The Firestone Twin 275s were the sixth and seventh races of the 2011 IZOD IndyCar Series season. The races took place on June 11, on the Texas Motor Speedway in Fort Worth, Texas, and was telecasted by Versus in the United States.

The race was unique in its format of two 114-lap races, with each race was for half points.  The second race grid positions were determined by a random draw.

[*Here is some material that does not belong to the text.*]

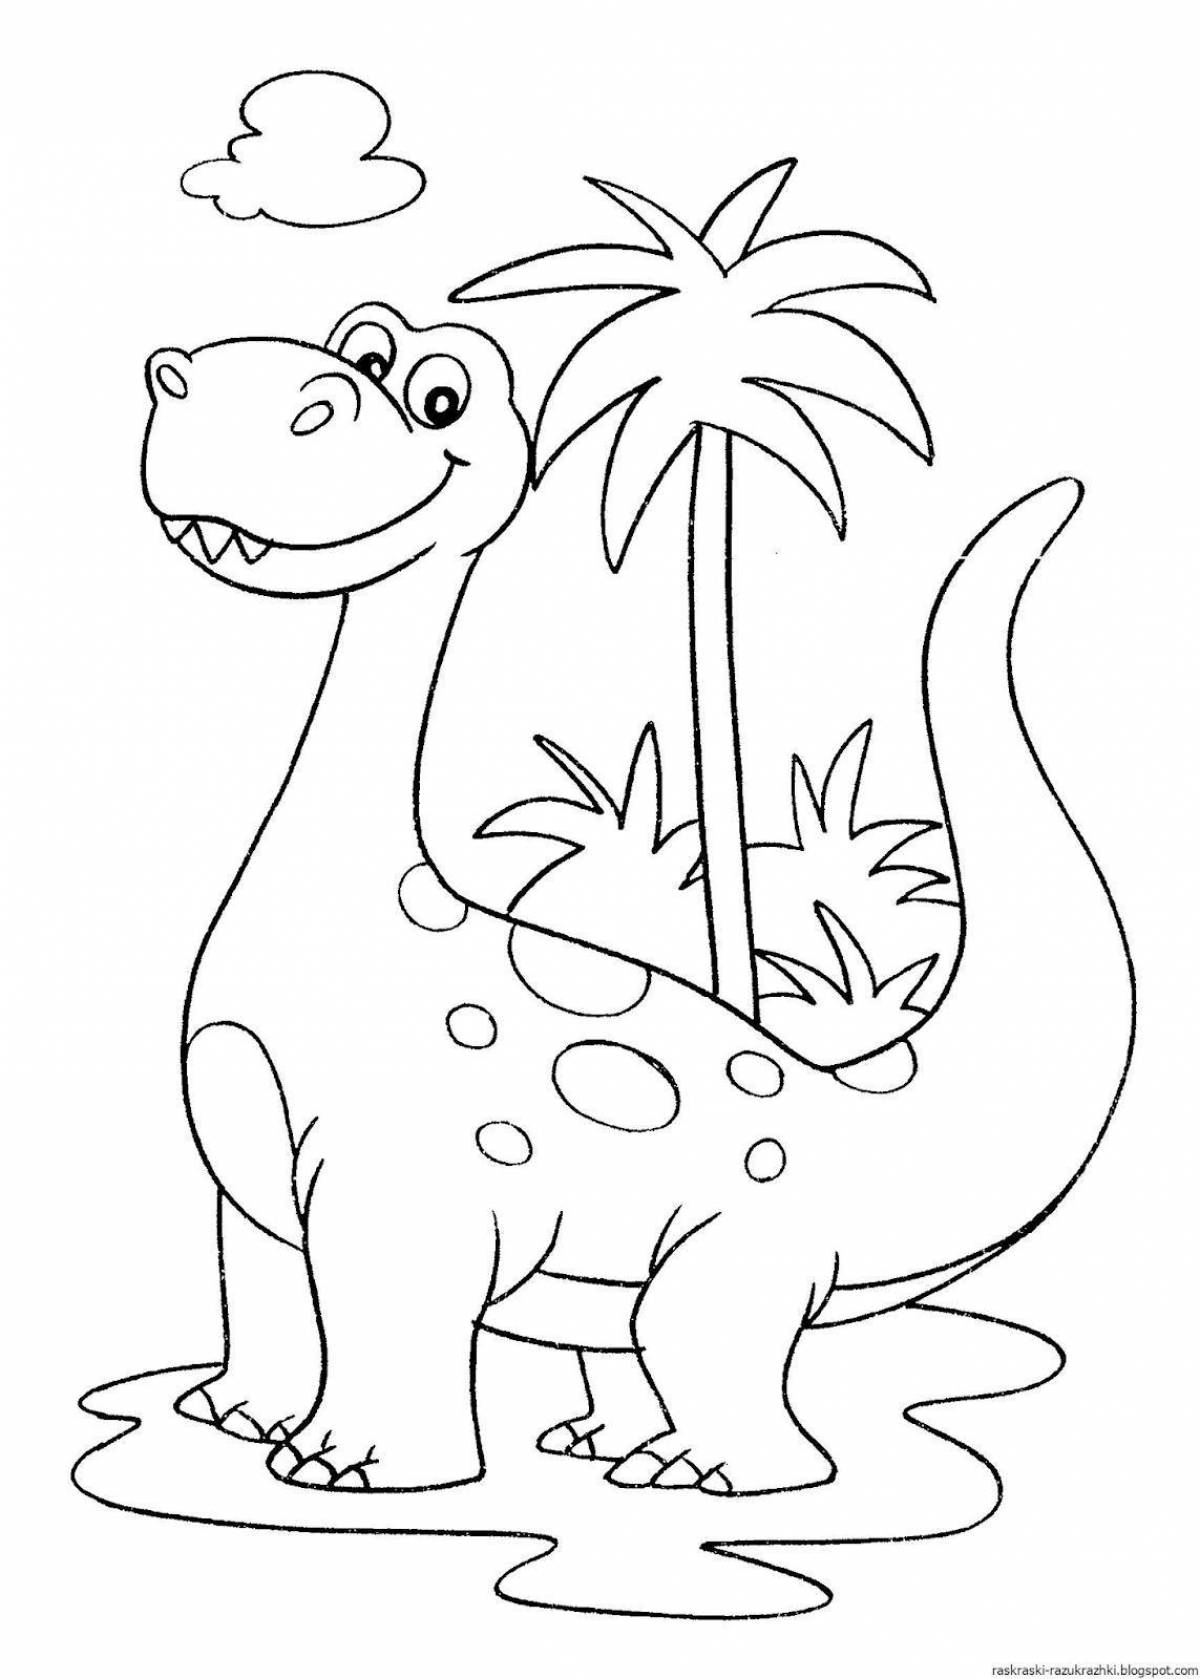 Outstanding dinosaur coloring page for kids

These would ultimately be the last two races of Davey Hamilton's career. Hamilton would be entered into the 2011 IZOD IndyCar World Championship at Las Vegas, however the race would be red flagged due to a huge crash that claimed the life of two time champion Dan Wheldon. The race would not be restarted and as the race had not gone enough distance to be called official, no results were recorded, making these the final two races of Davey Hamilton's career. 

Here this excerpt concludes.